Description of the task: Reproduce the records exactly. Leave the pictures out.

Records drawn from a dataset:
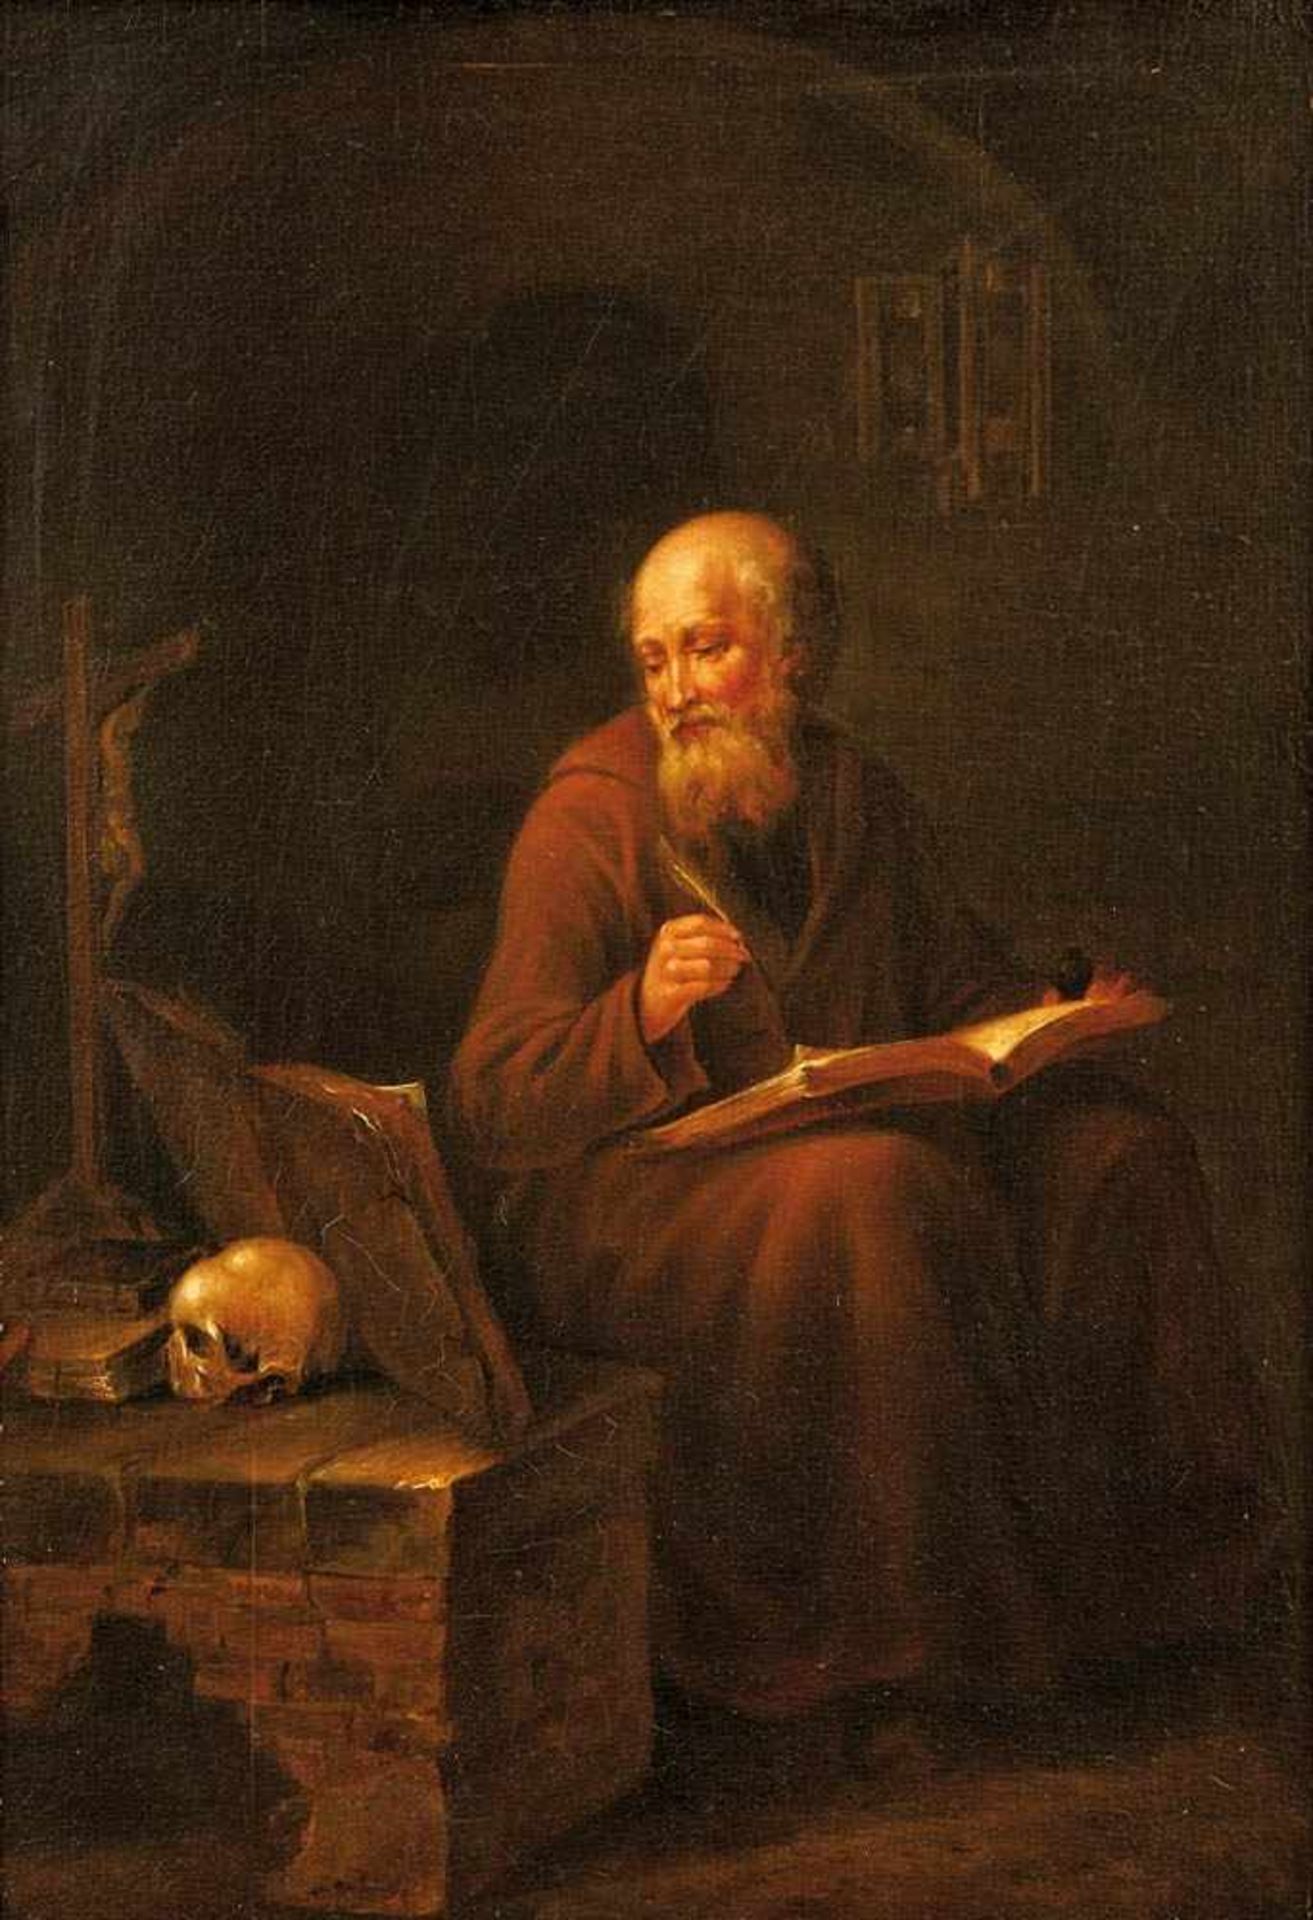 Saint Jerome as Bible translator18th century.Oil on canvas. 51 x 35.5 cm.Heiliger als
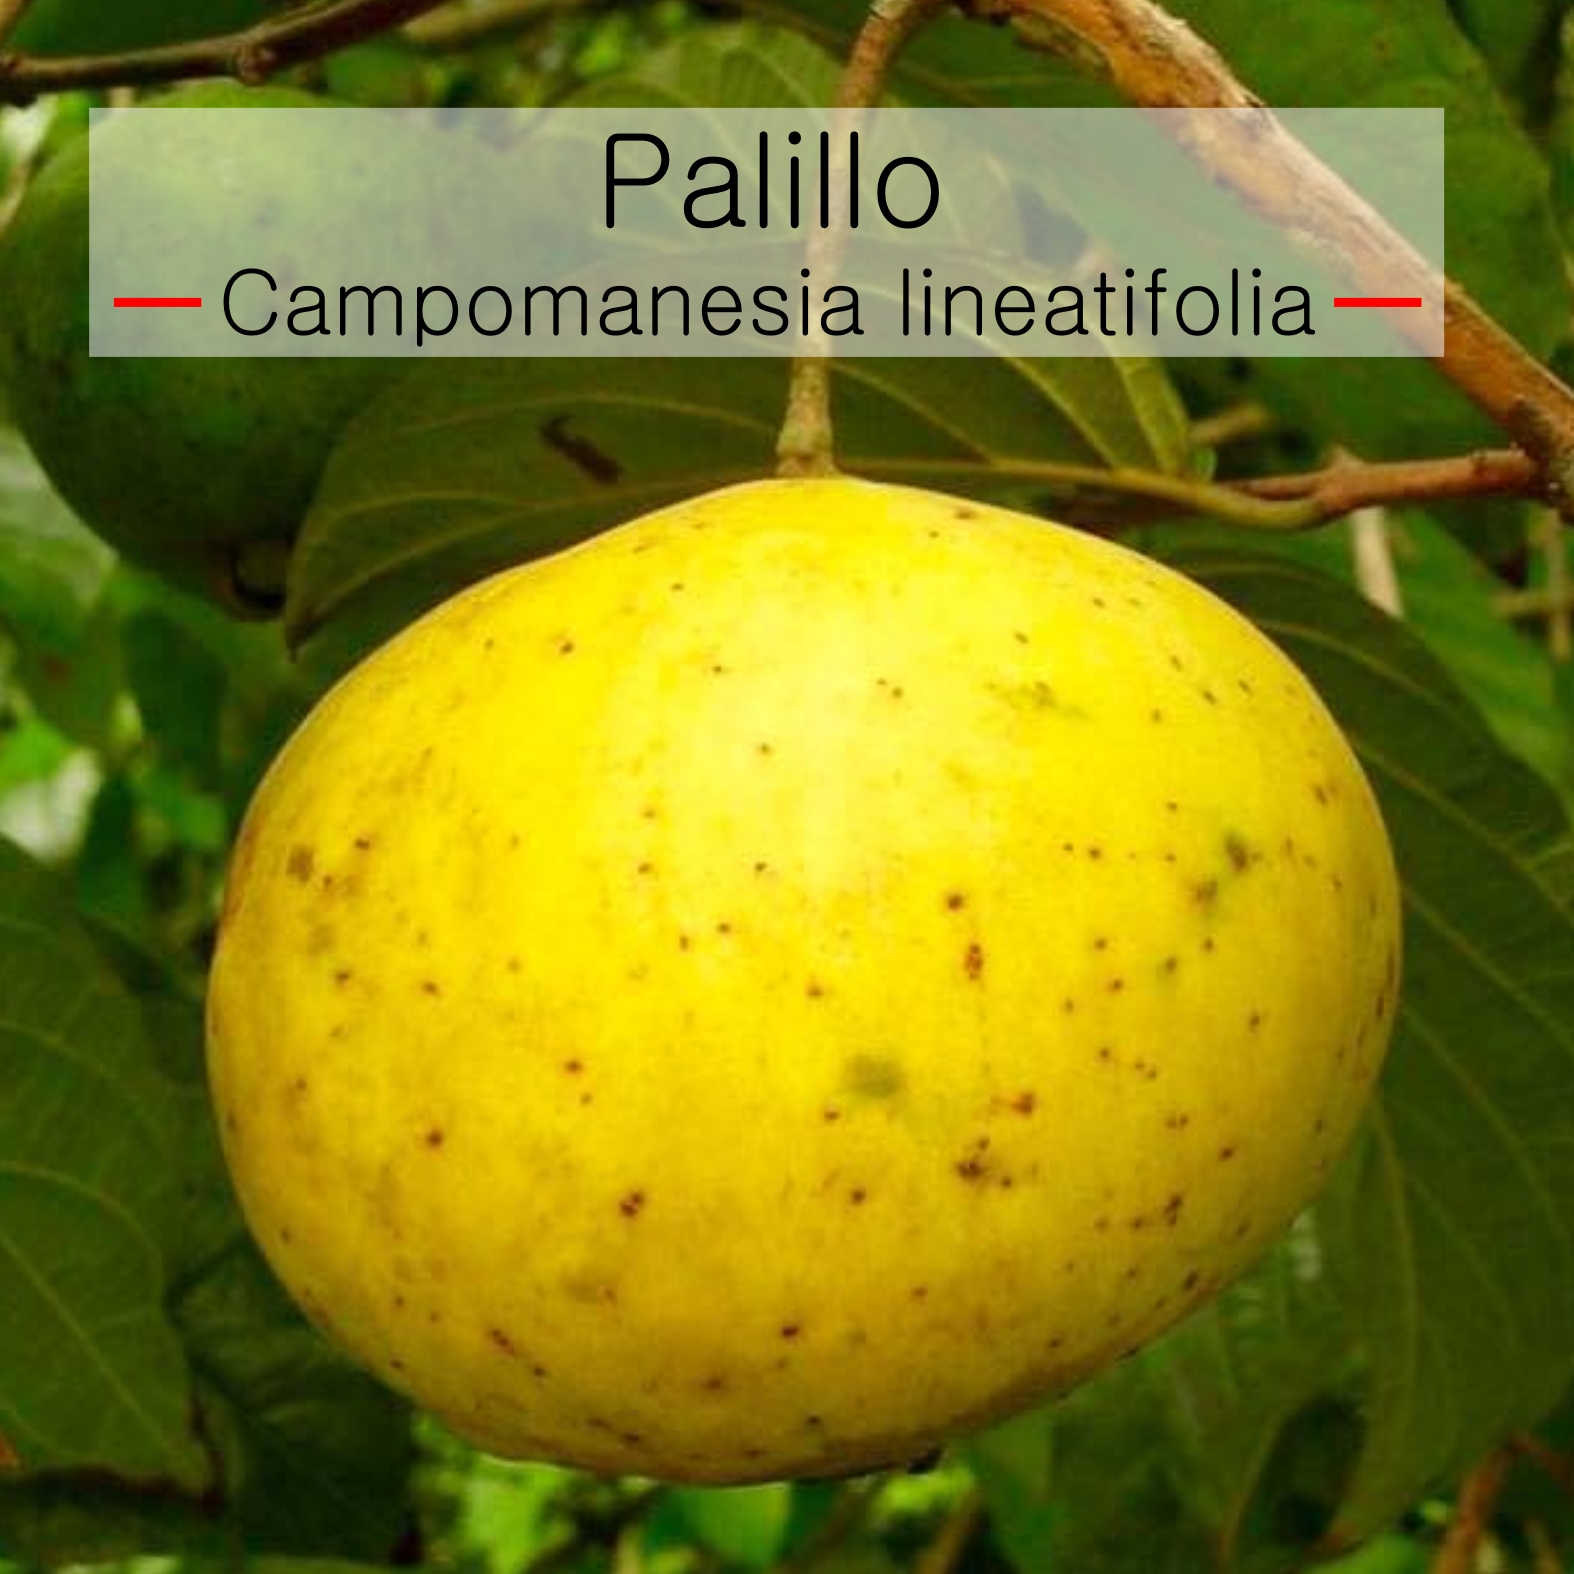 Campomanesia lineatifolia - Palillo - 1 fresh seed / 1 frischer Samen
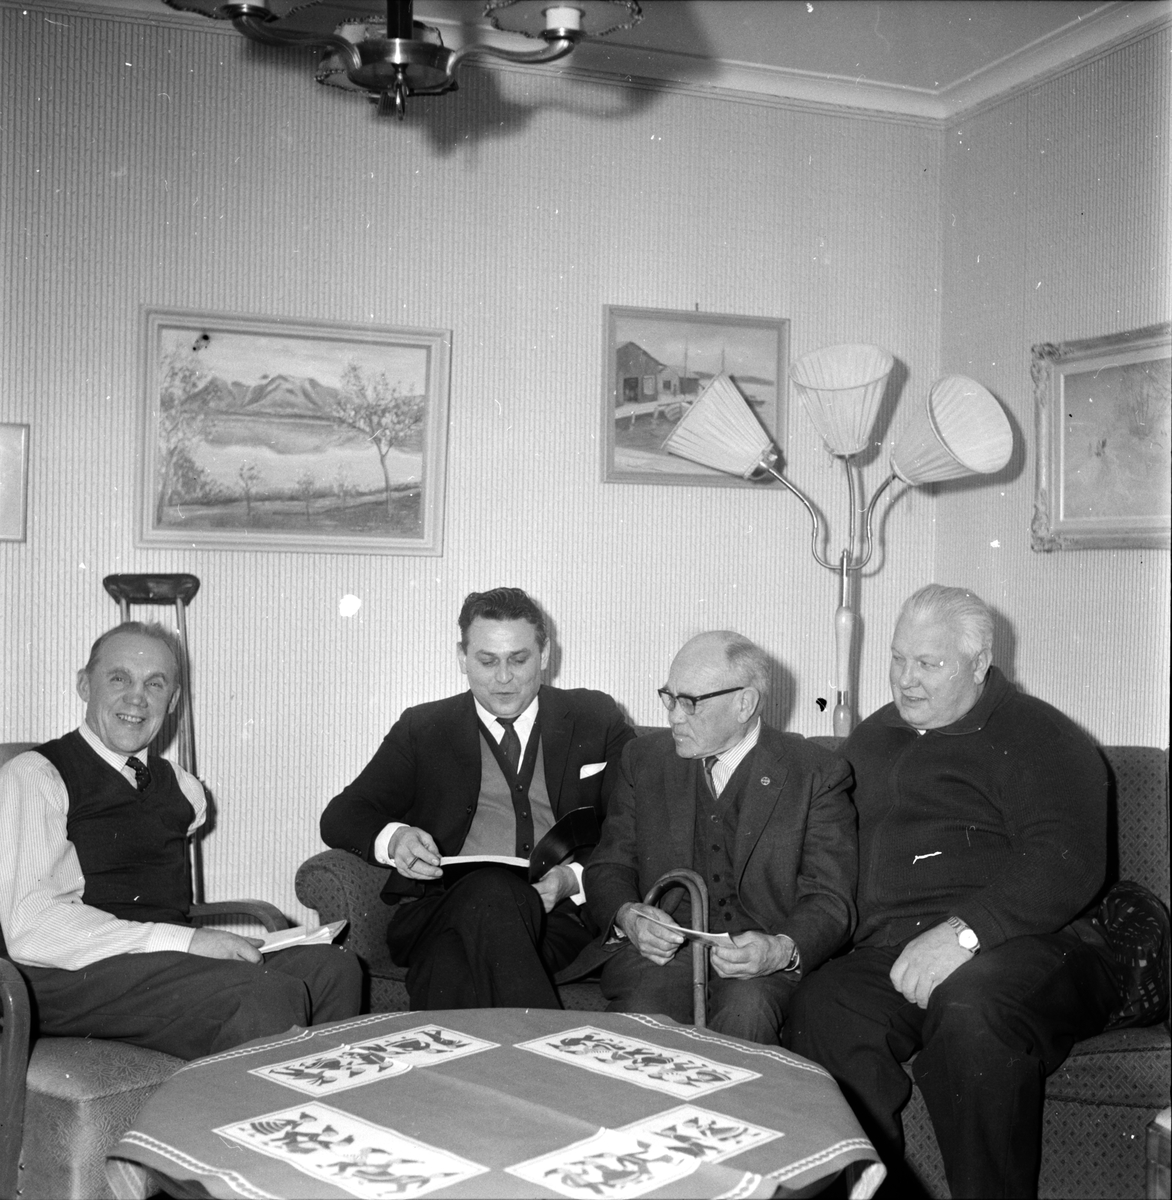 Hälsingeklippan DVR,
Får en check på 3000 kr av Lion i Bollnäs,
16 December 1964

Your solution:
 Saint Jerome as Bible translator18th century.Oil on canvas. 51 x 35.5 cm.Heiliger als
 Campomanesia lineatifolia - Palillo - 1 fresh seed / 1 frischer Samen
 Hälsingeklippan DVR,
Får en check på 3000 kr av Lion i Bollnäs,
16 December 1964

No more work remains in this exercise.